The Council of Medical Specialty Societies and the National Health Council, for example, released a report (PDF) that lays out the steps that established research organizations can take to start to include patient input.
It is progress to ask patients what their priorities are, as this paper shows is possible: Priority setting partnership to identify the top 10 research priorities for the management of Parkinson’s disease (BMJ Open; 2014)
Here are a couple of models for truly patient-led registries:
Count Me In (Here’s a story about how they are finding clues about angiosarcoma’s genetic roots.)
Genetic Alliance calls their work advocacy-led research and calls for people to not only become research participants but drivers (ding ding ding!)

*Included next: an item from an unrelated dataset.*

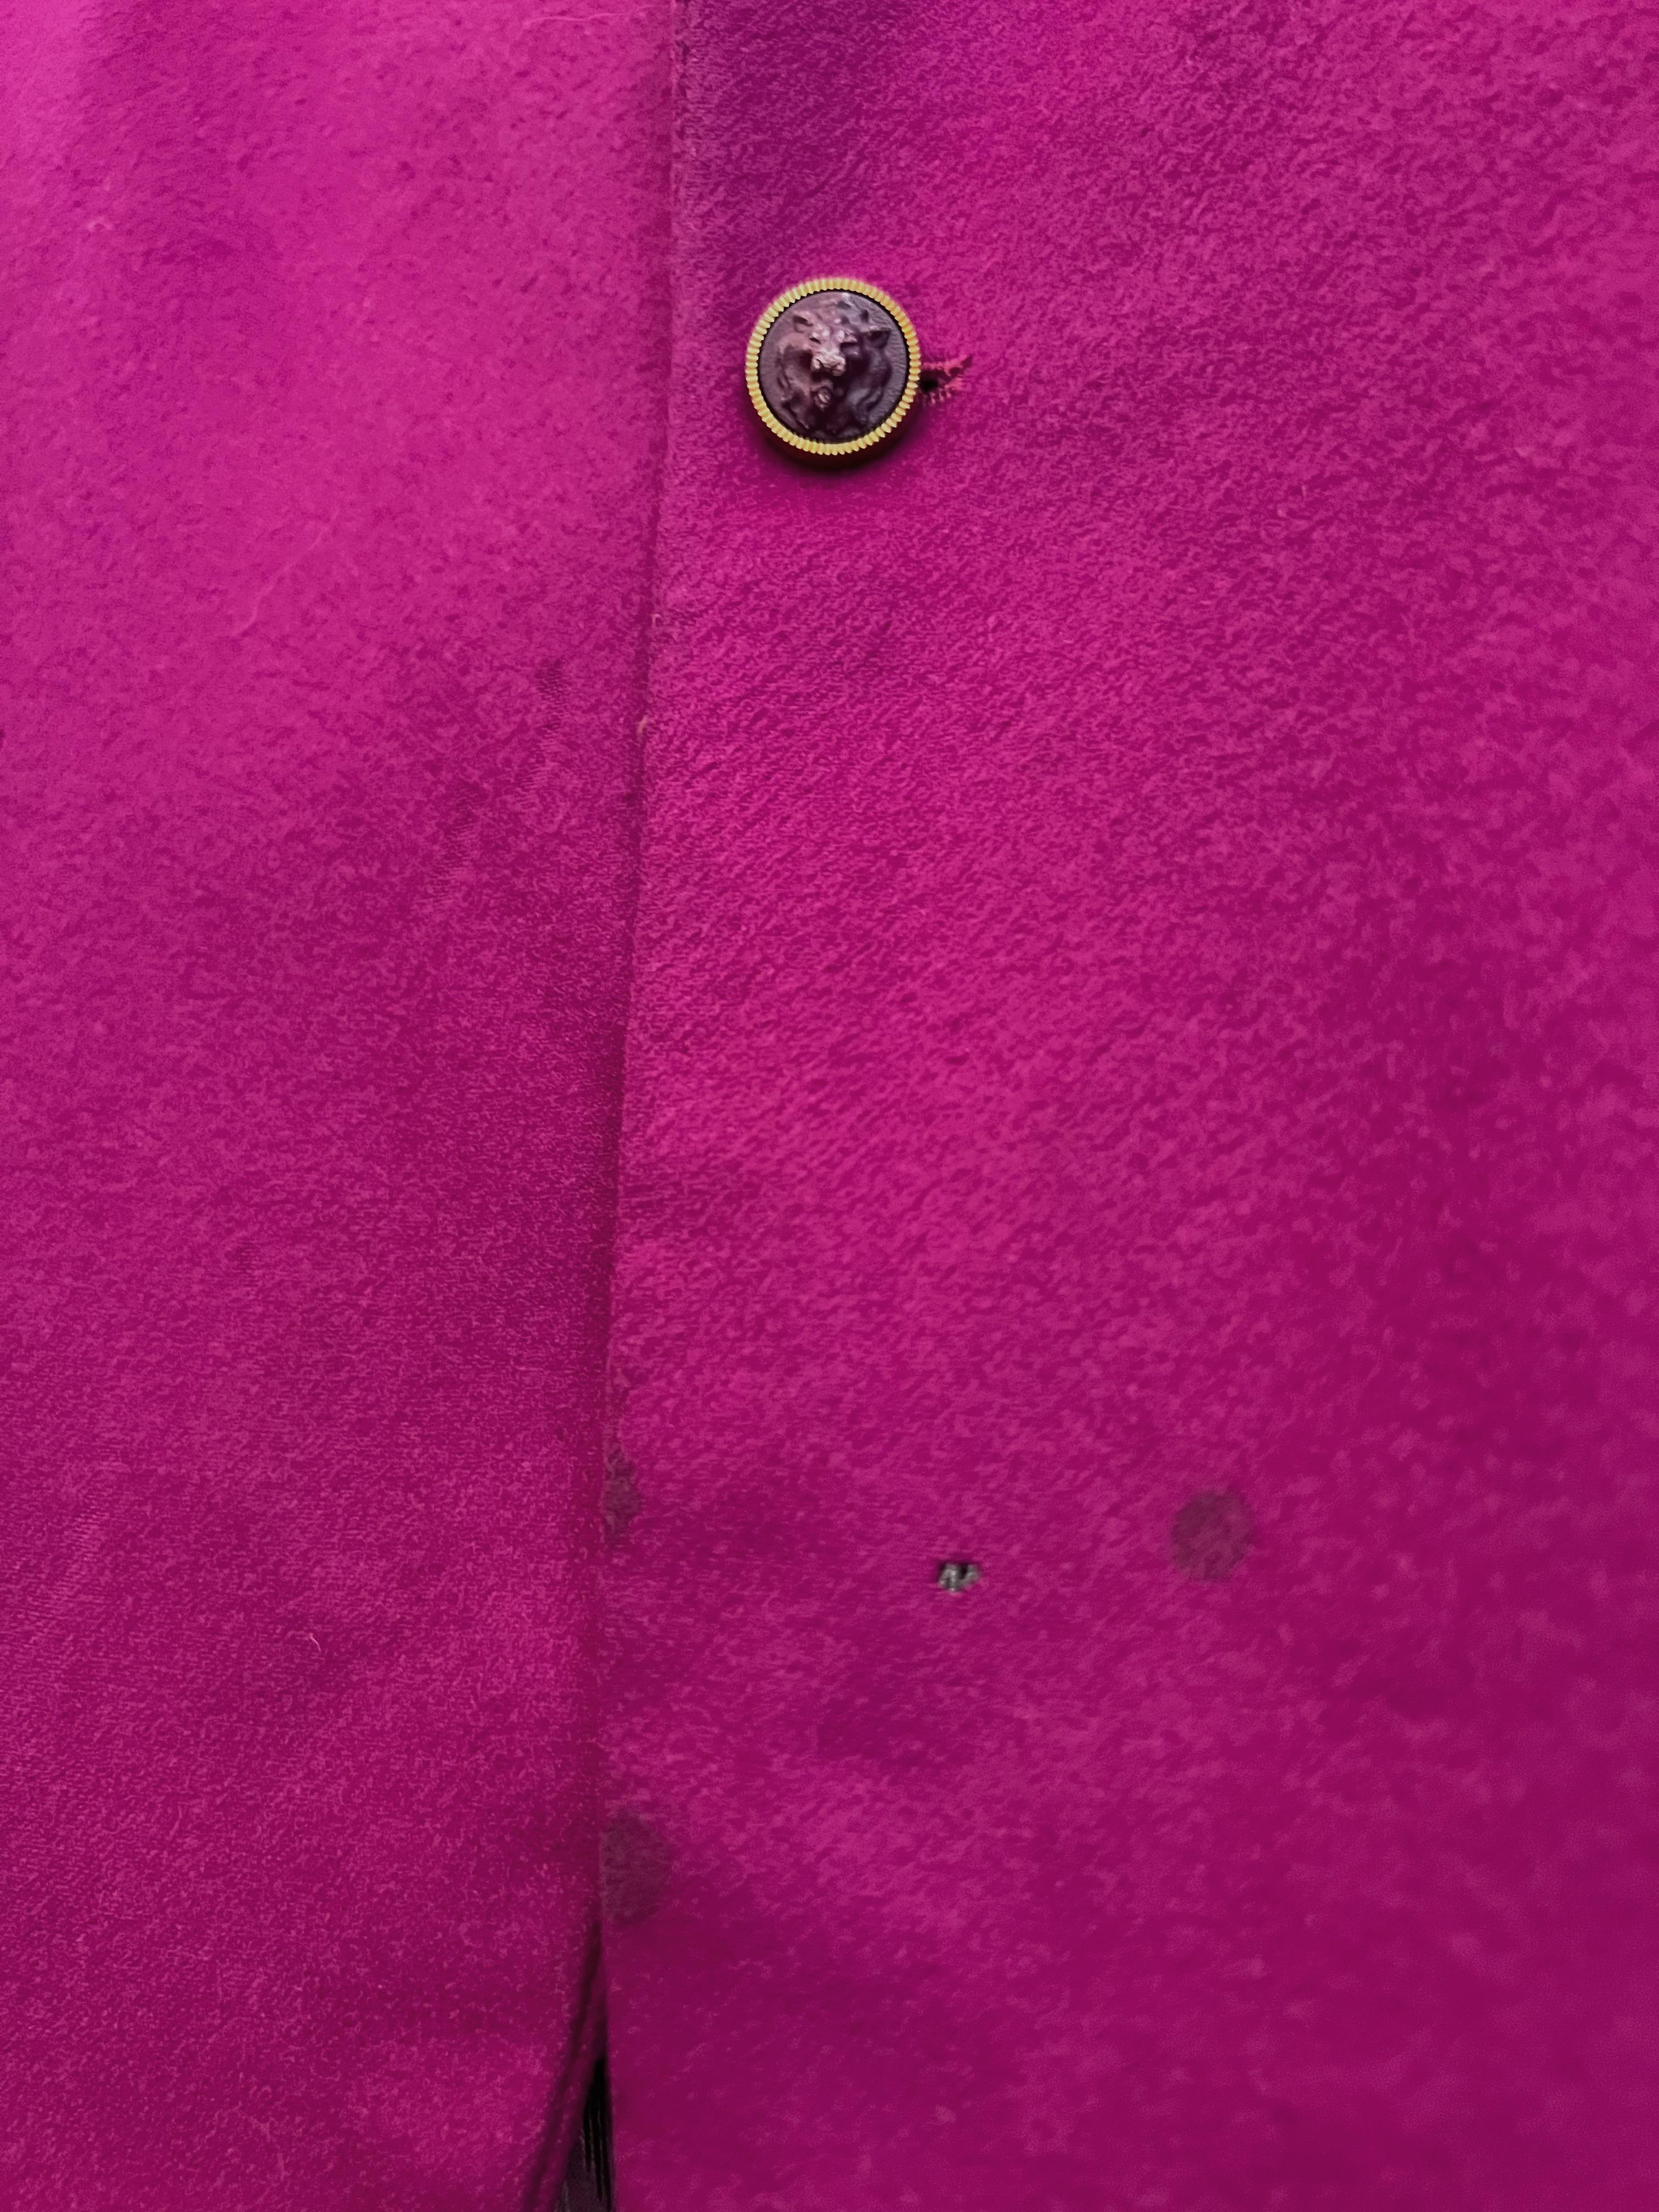 Versus by Gianni Versace - Veste blazer en cachemire doublée de rose magenta arc-en-ciel en vente 9

On our panel, I’m hoping we can break open the biomedical research paradigm, ask provocative questions about why things are the way they are, show how people can learn to solve their own health mysteries, AND outline practical steps that establishment institutions can take. It’s a tall order so please wish us luck!
Gary Wolf says
I read the paper Susannah cited above. It’s really interesting. Full text is here: https://bmjopen.bmj.com/content/bmjopen/4/12/e006434.full.pdf.
The #2 priority for research set by this consultation process was: ” What approaches are helpful for reducing stress and anxiety in people with Parkinson’s?”
Raymond Bruce says
I appreciate your insightful work, but with Covid-19 disproportionately affecting Black and Hispanic populations, why are they not represented on this panel?
Susannah Fox says
Thank you for pointing that out. Inclusion of BIPOC perspectives is important to the public conversation. I will do better in the future.
Susannah Fox says
Hannah Davis, one of our panelists, shared her experience as a COVID-19 long-hauler on Twitter on Sunday, July 26, and her thread has gone viral. If you want to check it out, start here.

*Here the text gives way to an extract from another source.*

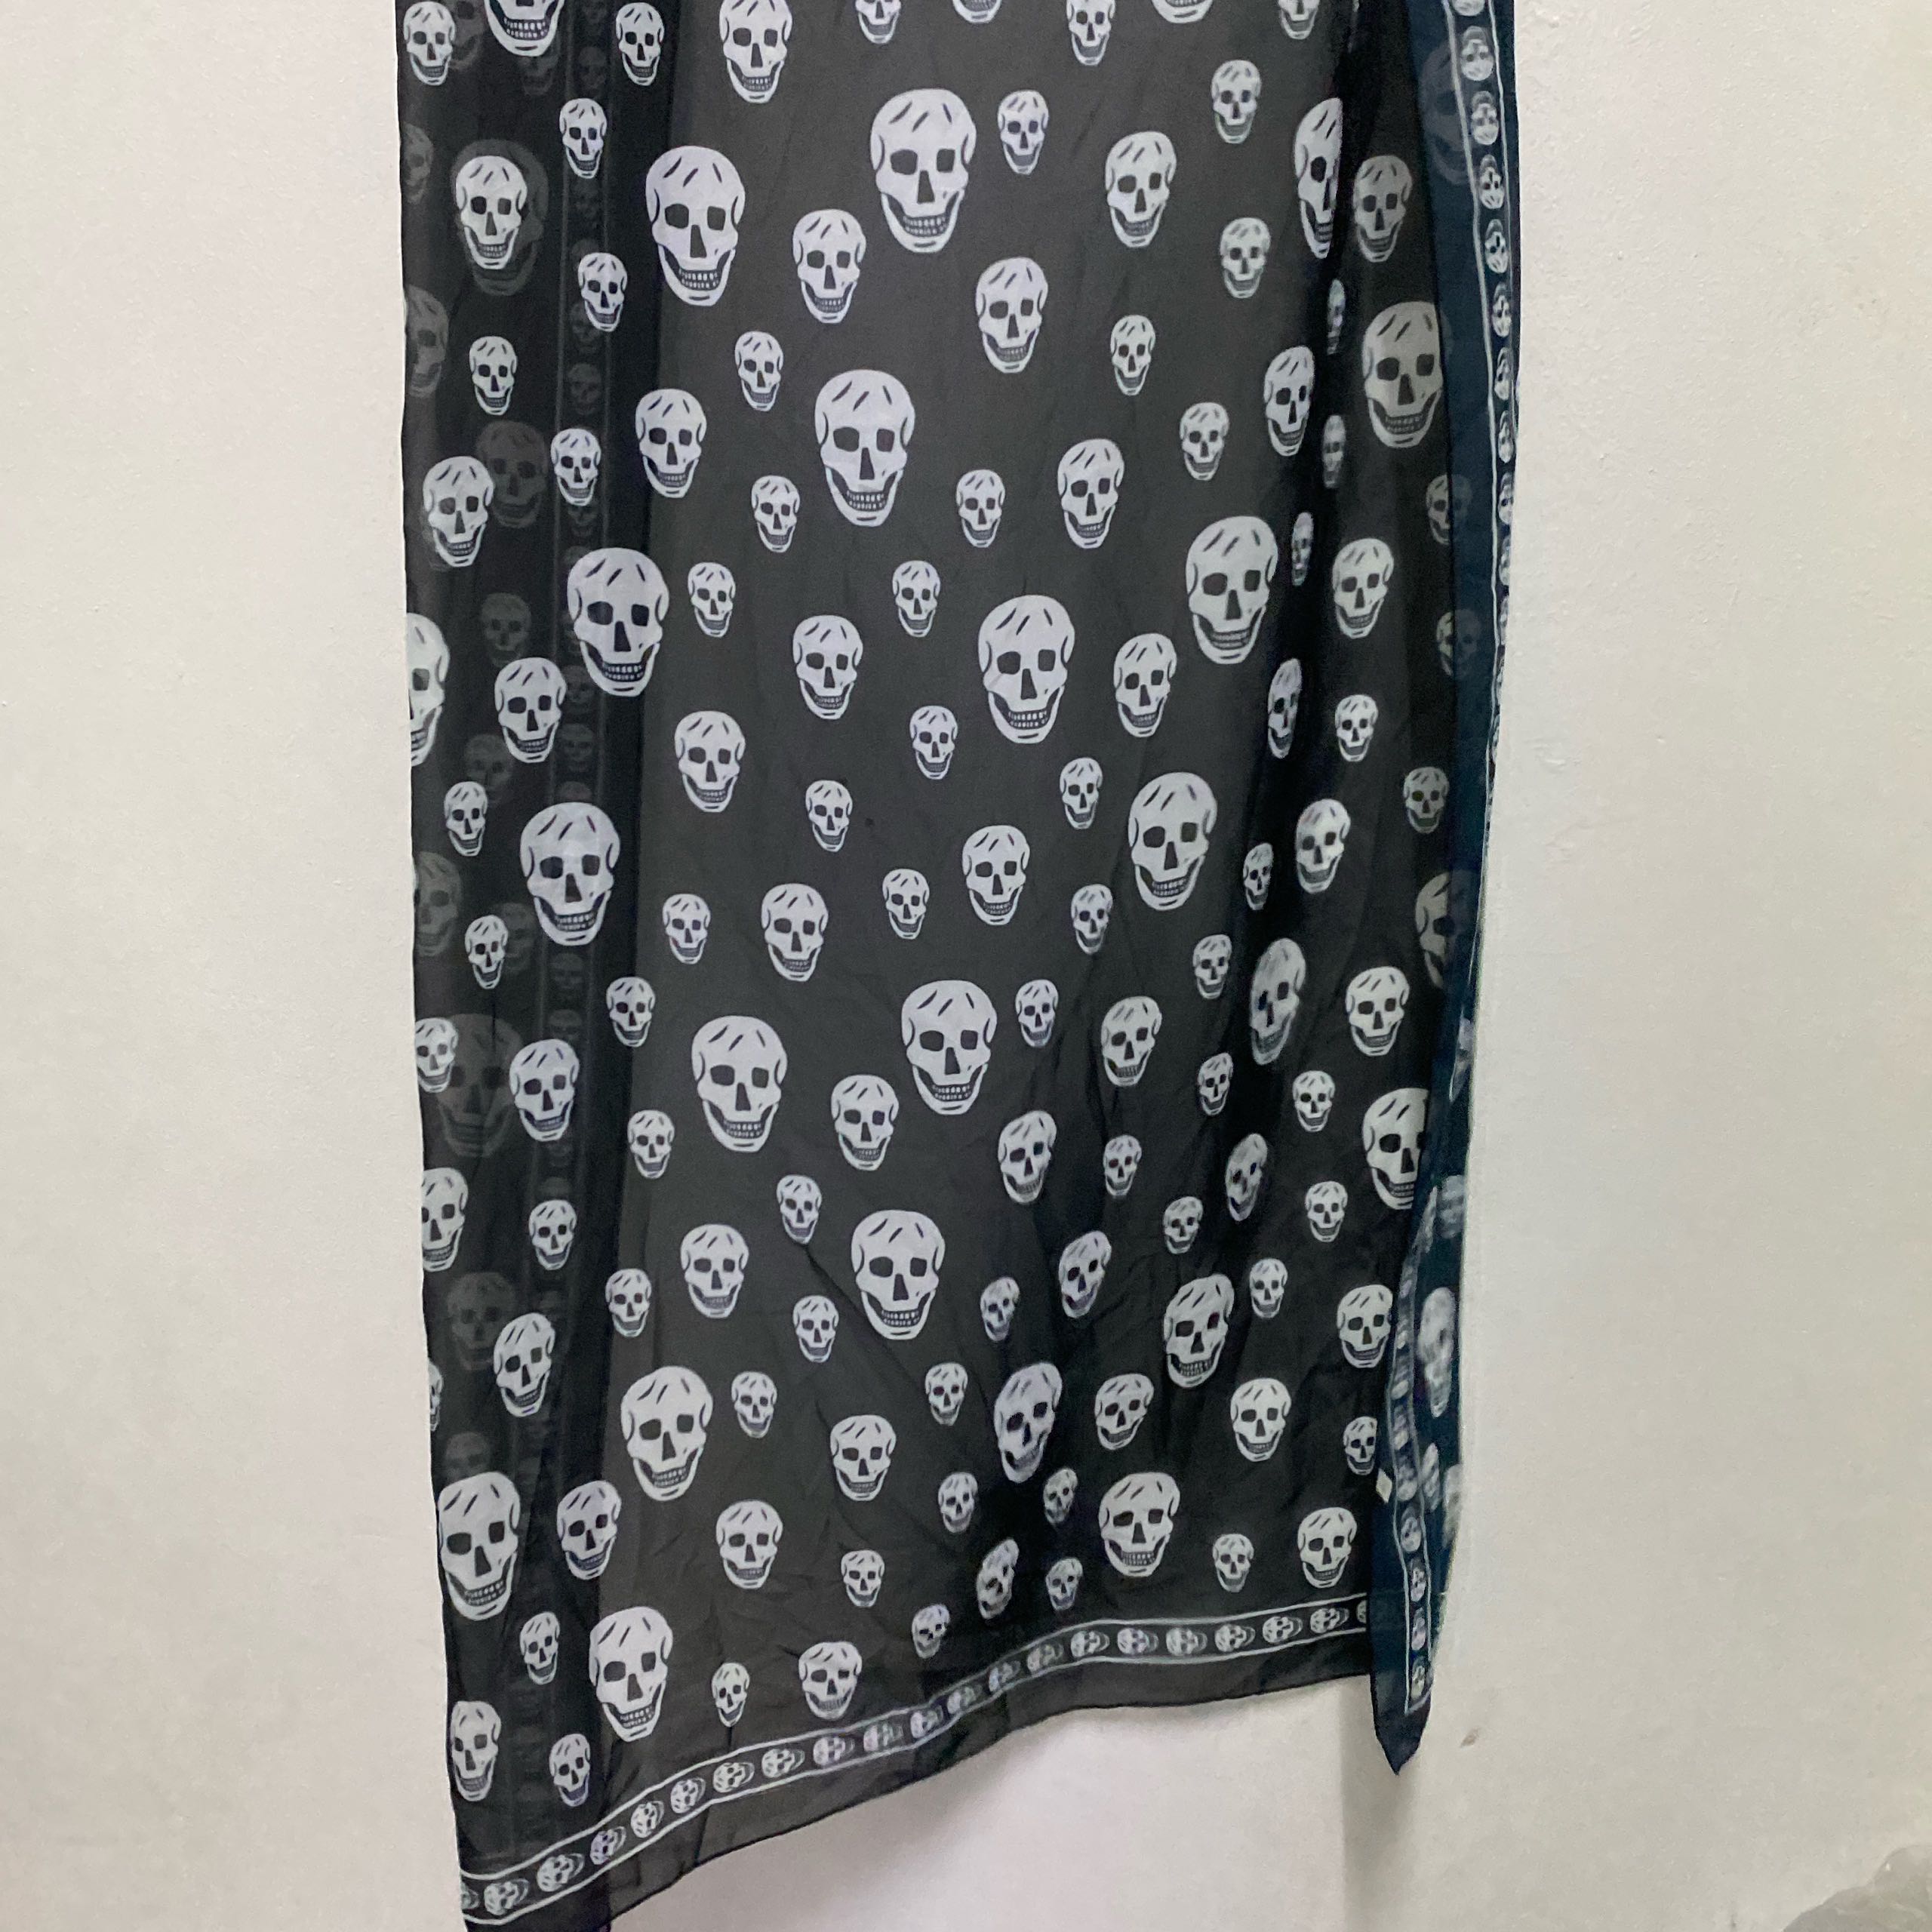 JapaneseBrand skull scarf  - 3

She lists her own symptoms, along with the bizarre ones being experienced by other long-haulers, and some of the challenges they have faced, such as poor access to testing and skepticism from both clinicians and public officials. The good news is that these patients have been able to find each other online, track their symptoms, share their stories (with each other AND the rest of us), learn about how to advocate for themselves, and (finally!) start to gain the attention and respect they have deserved all along.
Their struggle parallels the work I’ve seen in other patient communities:
1) Isolation. You not only feel alone but you are also told you are an extremely rare case. (This is what I call Stage Zero of peer-to-peer health care.)
2) Connection. The moment when you hear about, read about, or even connect directly with someone else who shares your symptoms, diagnosis, life stage, or whatever characterizes your health status. (Stage One of peer-to-peer health care.)
3) Organization. Innovation in small groups. People who have banded together start sharing ideas about how to solve problems they all face. For some COVID-19 long-haulers, that meant joining a group like Body Politic and contributing to their study. Here’s Hannah’s tweet listing such groups. (Stage Two)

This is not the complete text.